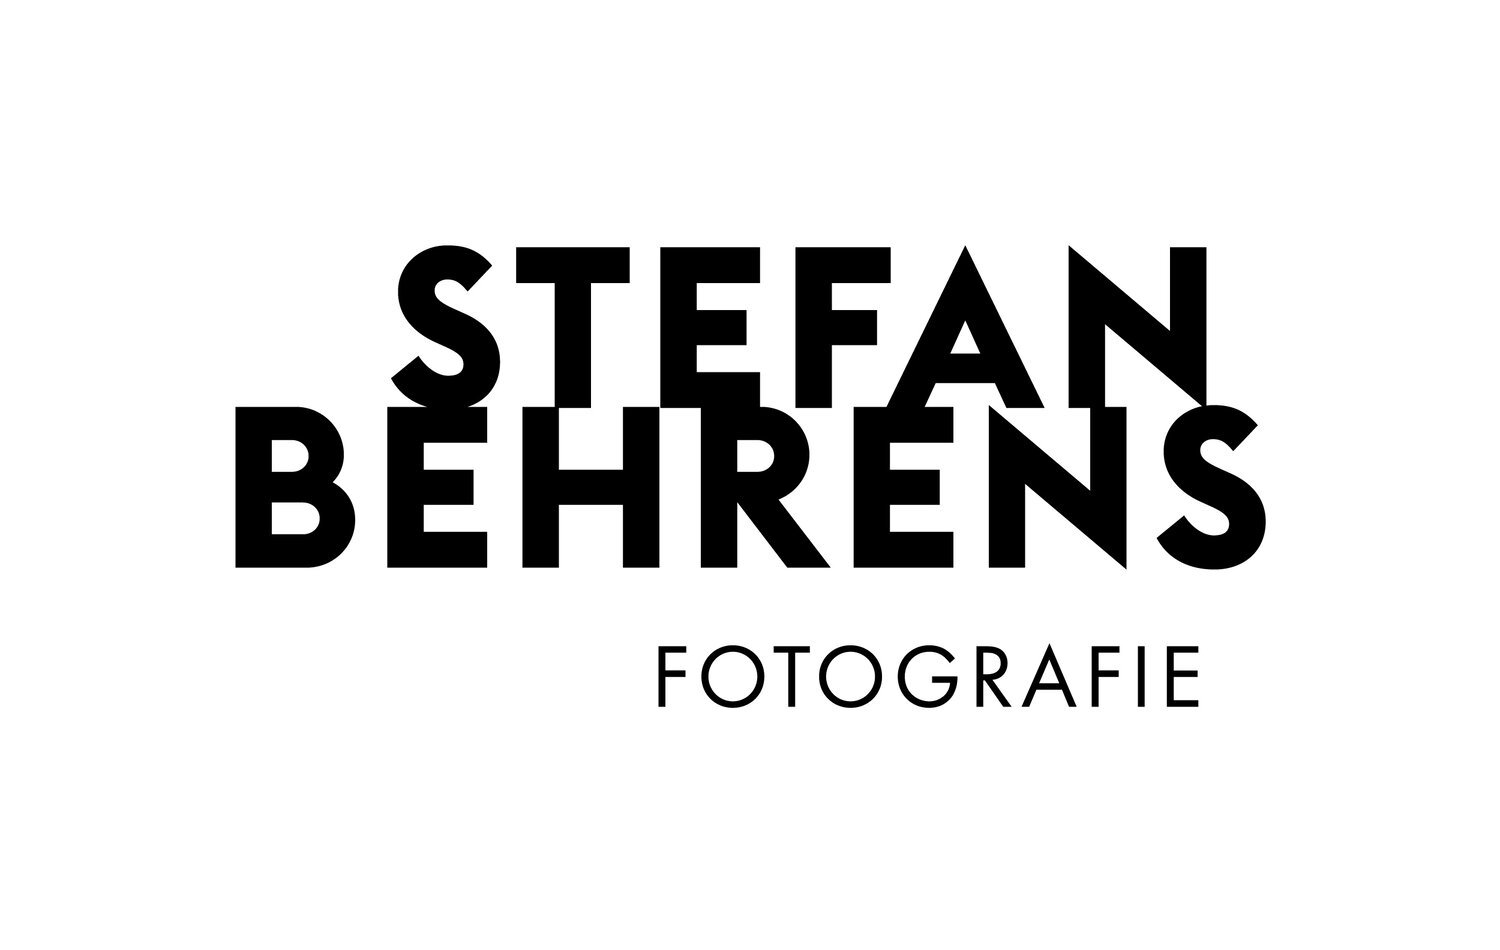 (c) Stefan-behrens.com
---
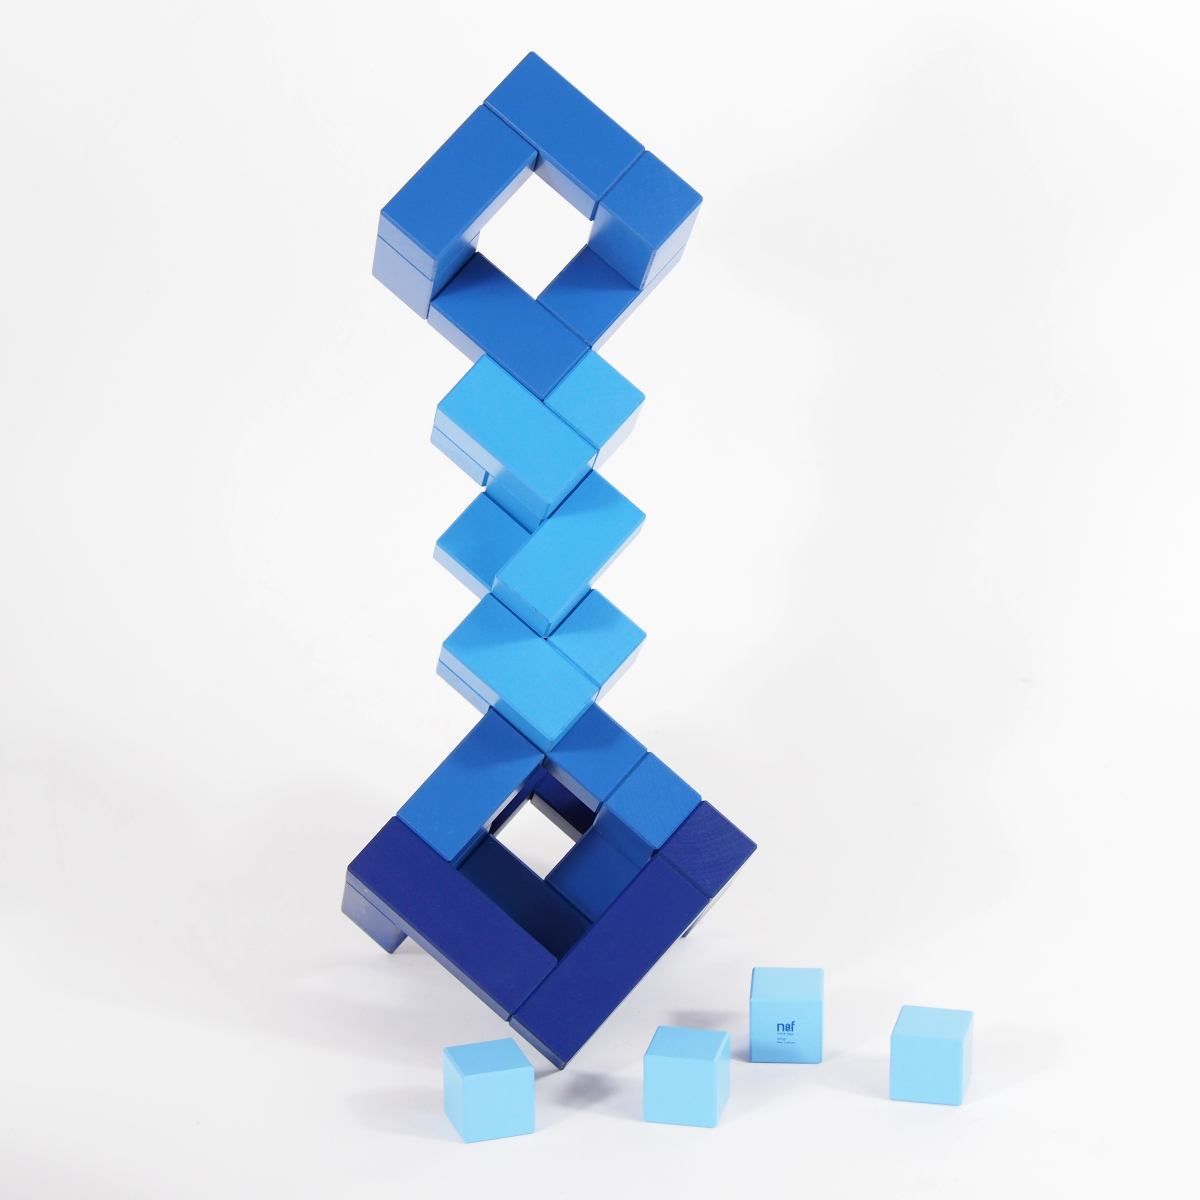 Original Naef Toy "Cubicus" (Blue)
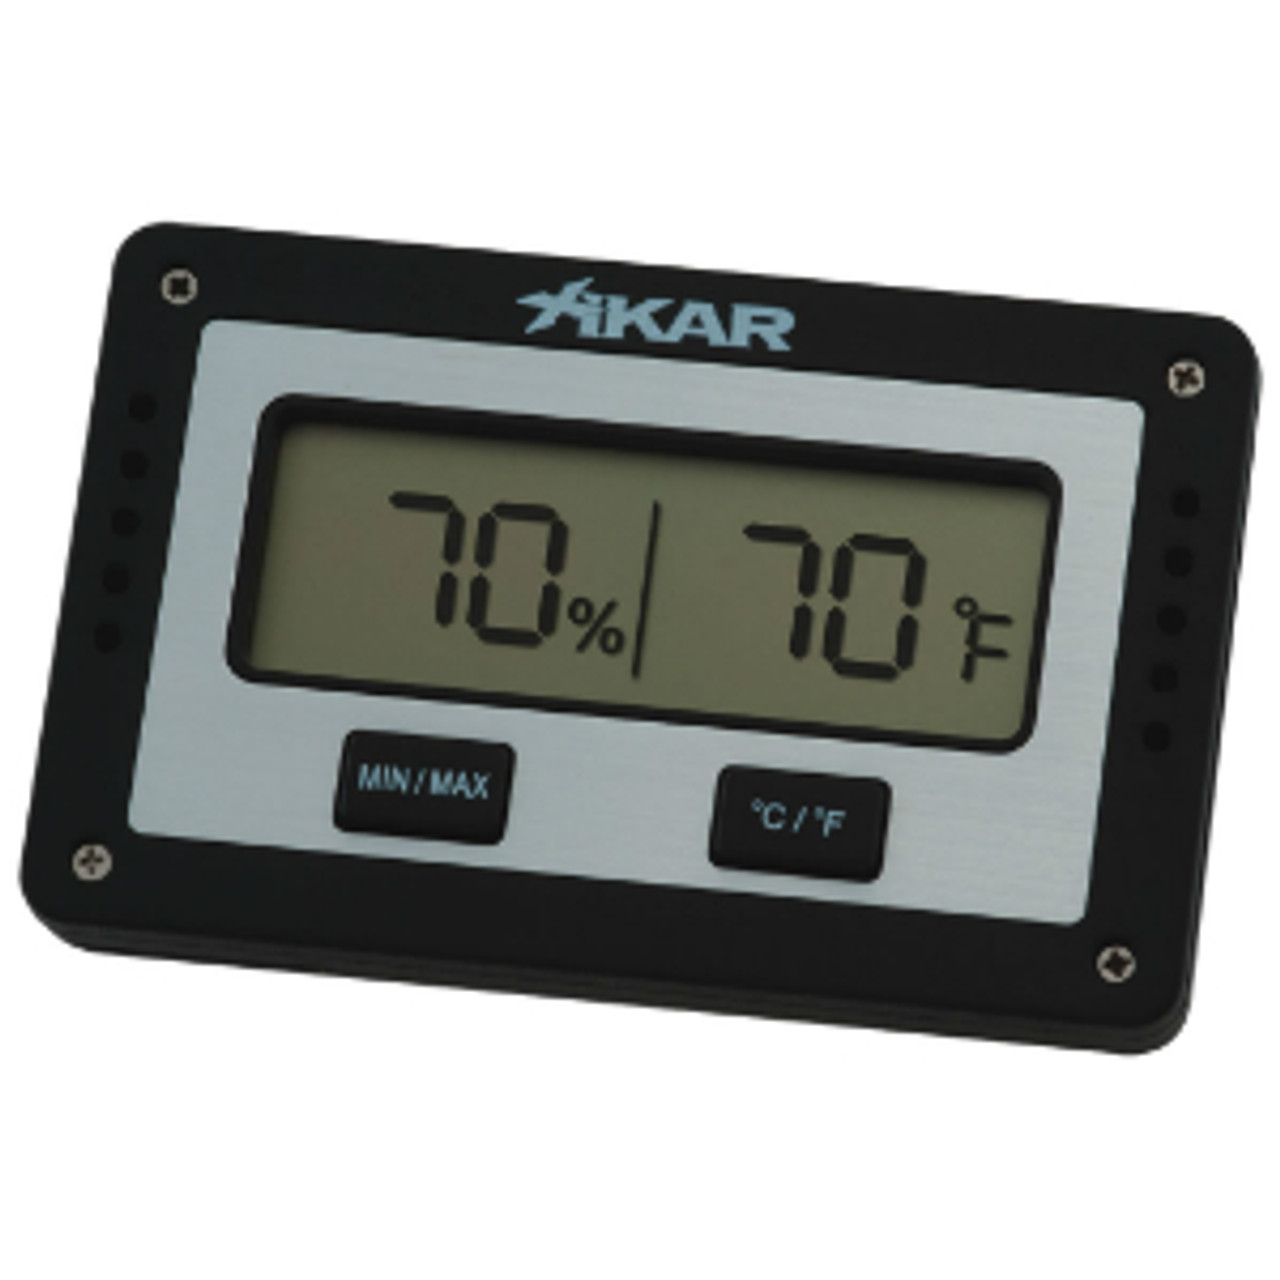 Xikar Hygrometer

▶ [ABOUT THIS EXERCISE]: Everything above from the line containing "Original Naef Toy" down to the line containing "Xikar Hygrometer" is to be duplicated exactly, both lines included, and the pictures are to be omitted.

▶ [EXERCISE ANSWER]:
 Original Naef Toy "Cubicus" (Blue)
 Xikar Hygrometer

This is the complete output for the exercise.